Whether he has heeded this warning or not, the faces Didier Ben Loulou photographs convey the profound meaning of this interdiction, whose aim is neither to stunt an artist’s emotions and work or render his eulogy of creative life impious but to incite him to not approach the beckoning shores of idolatry and death. Completeness always risks dumbfounding life, casting a spell of shadows and death on those who, satisfied or sated by what they see or know, or saturated with the entrancingly visible, soon shut out all desire. On the contrary, by opting for the fragment, by often accompanying his faces with a thin, decisive layer of shadow, Didier Ben Loulou comes down on the side of life, even when bringing us face to face with suffering and misery. That absence of completeness, that shadow which remains, do they not go hand in hand with a quest, not necessarily explicit to itself, for that invisible light which enables one to see the visible without showing oneself? This question does not stem from a will to measure a photographer’s work against a metaphysical hypothesis, but from the emotions these photographs arouse. Even when this face-to-face he forces upon us imposes confrontation with great loneliness, with its sweat and anxiety, with its ardent effort to not (at least not yet) go under, it seems that all that – that long distress, this moment of precarious clarity – comes towards us, now still, against the background of that invisible light. But that light is not to be sought in some distant elsewhere, or even in the next world, it is there in the most secret recesses of the artist’s eye.

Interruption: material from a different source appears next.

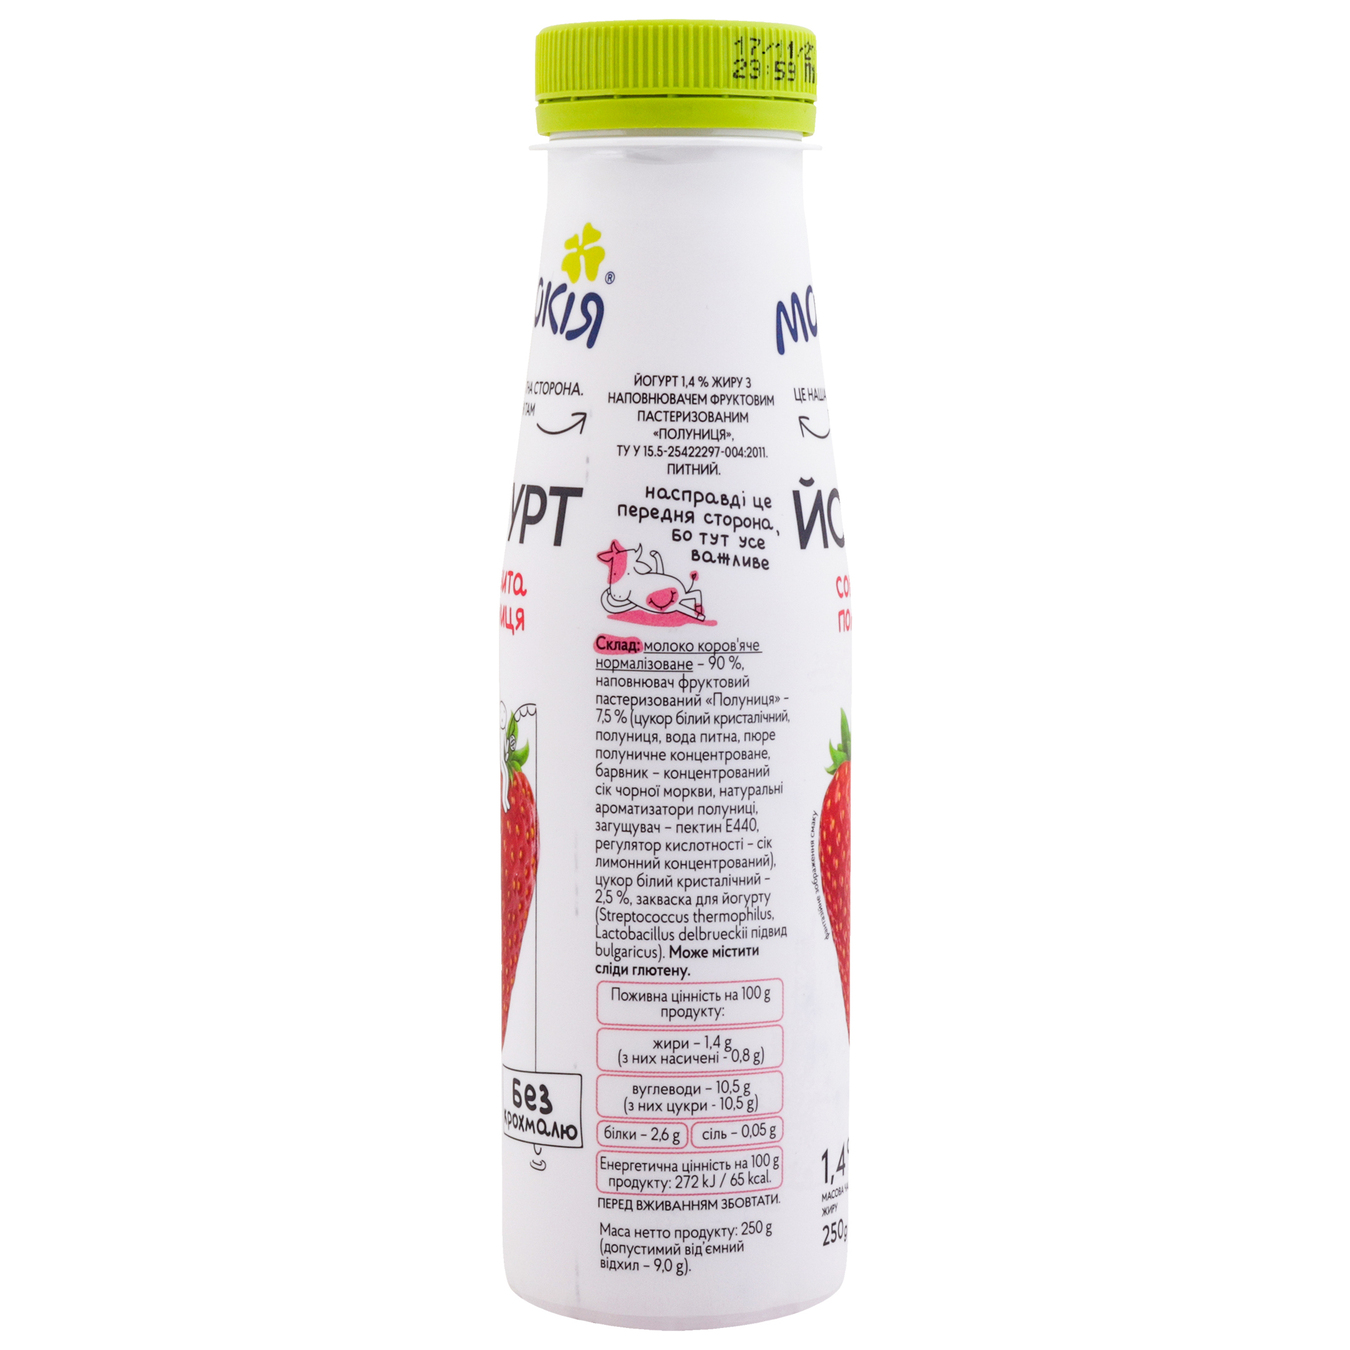 Йогурт Молокия Сочная клубника 1.4% 250г 4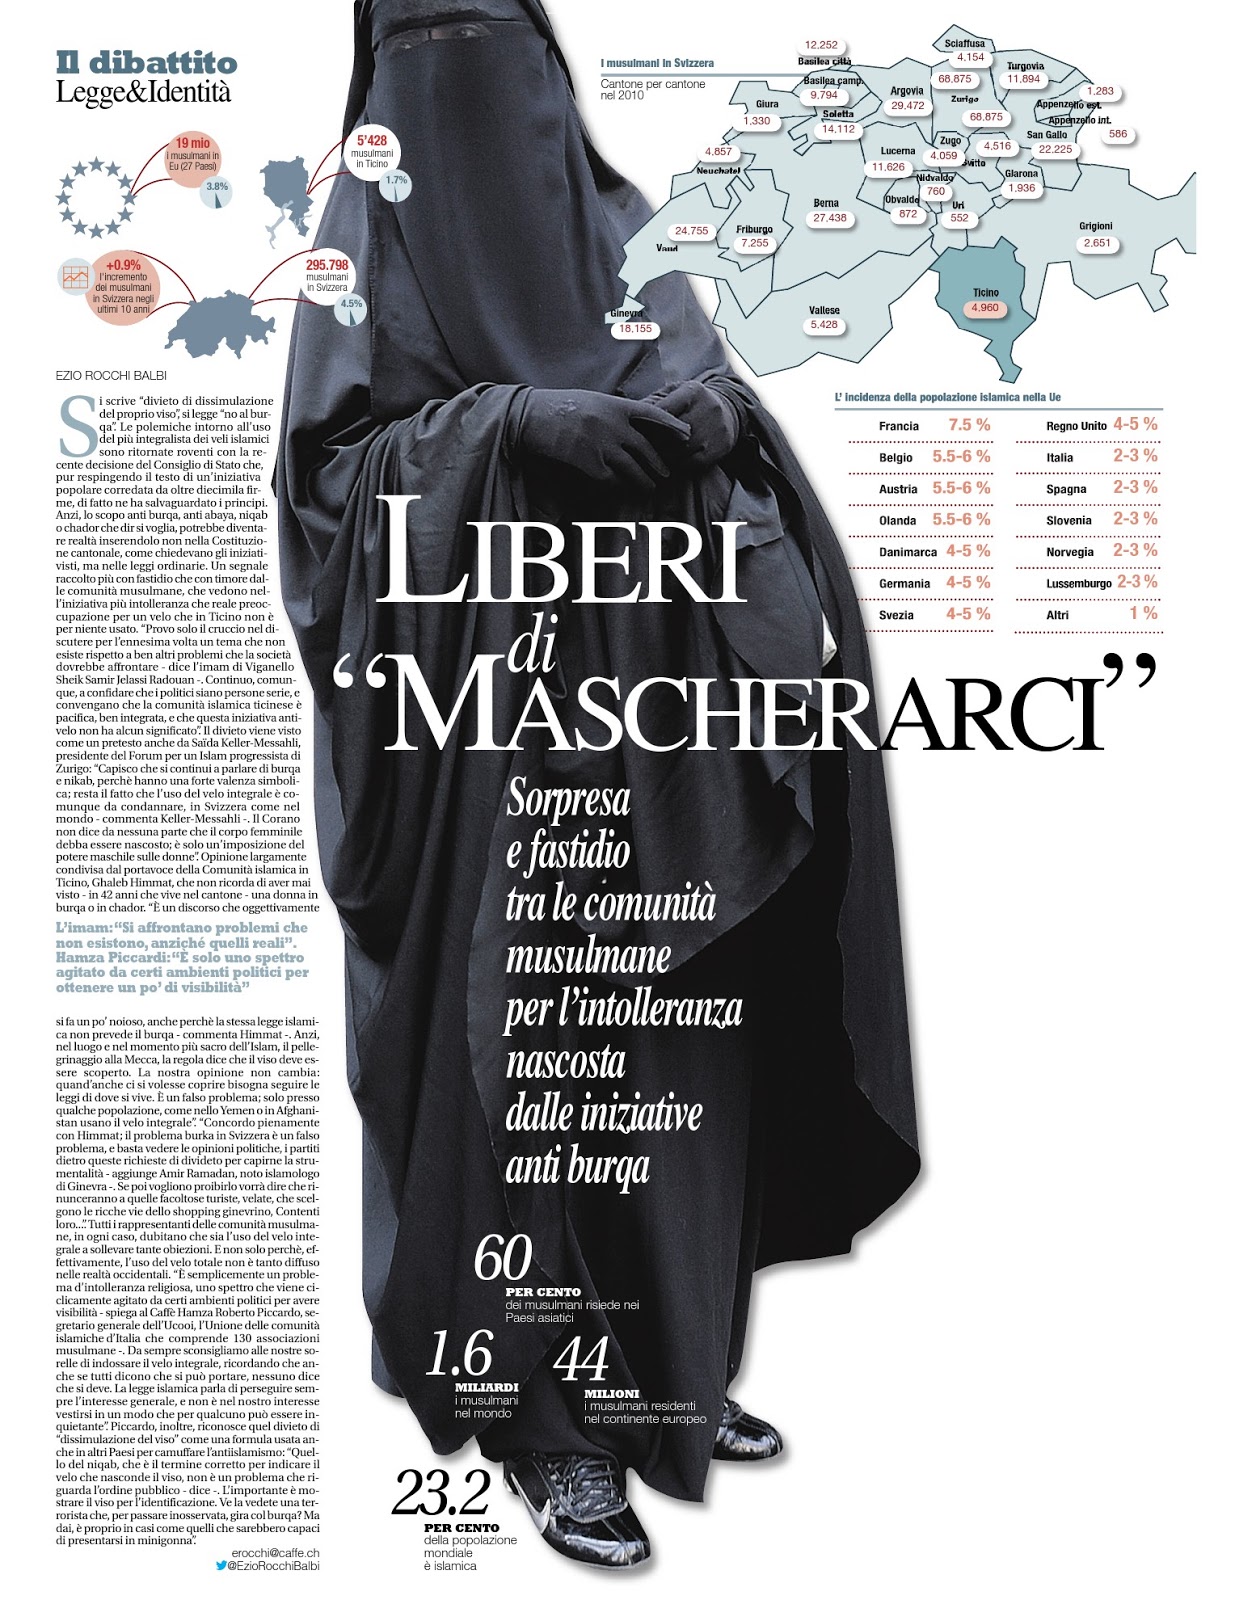 "No al burqa" in Ticino? - Il Caffé del 20.01.2013 - LMT

A terrible opprobrium has hung over all human activities, including art and philosophy since the last century, since the invention of mass destruction and the relentlessness to eradicate all trace of humanity from faces. By depriving men, women and children of their name, by stripping them naked and beating them, by shaving off their hair, by hacking their bodies with machetes before disposing of them like some useless, harmful thing, assassins have left behind them a heritage of death on all continents. And through his work on the human face, with not the slightest naivety but, on the contrary, the utmost awareness of the power of evil, Didier Ben Loulou is resolutely opposing this heritage. Along with other artists and philosophers who know how darkness can engulf us with the utmost rapidity, without almost anyone being able to prevent it, he is obeying an injunction to live. And in this sense, his photographs give us a glimpse of the uncertain and fragile dawn of an atonement.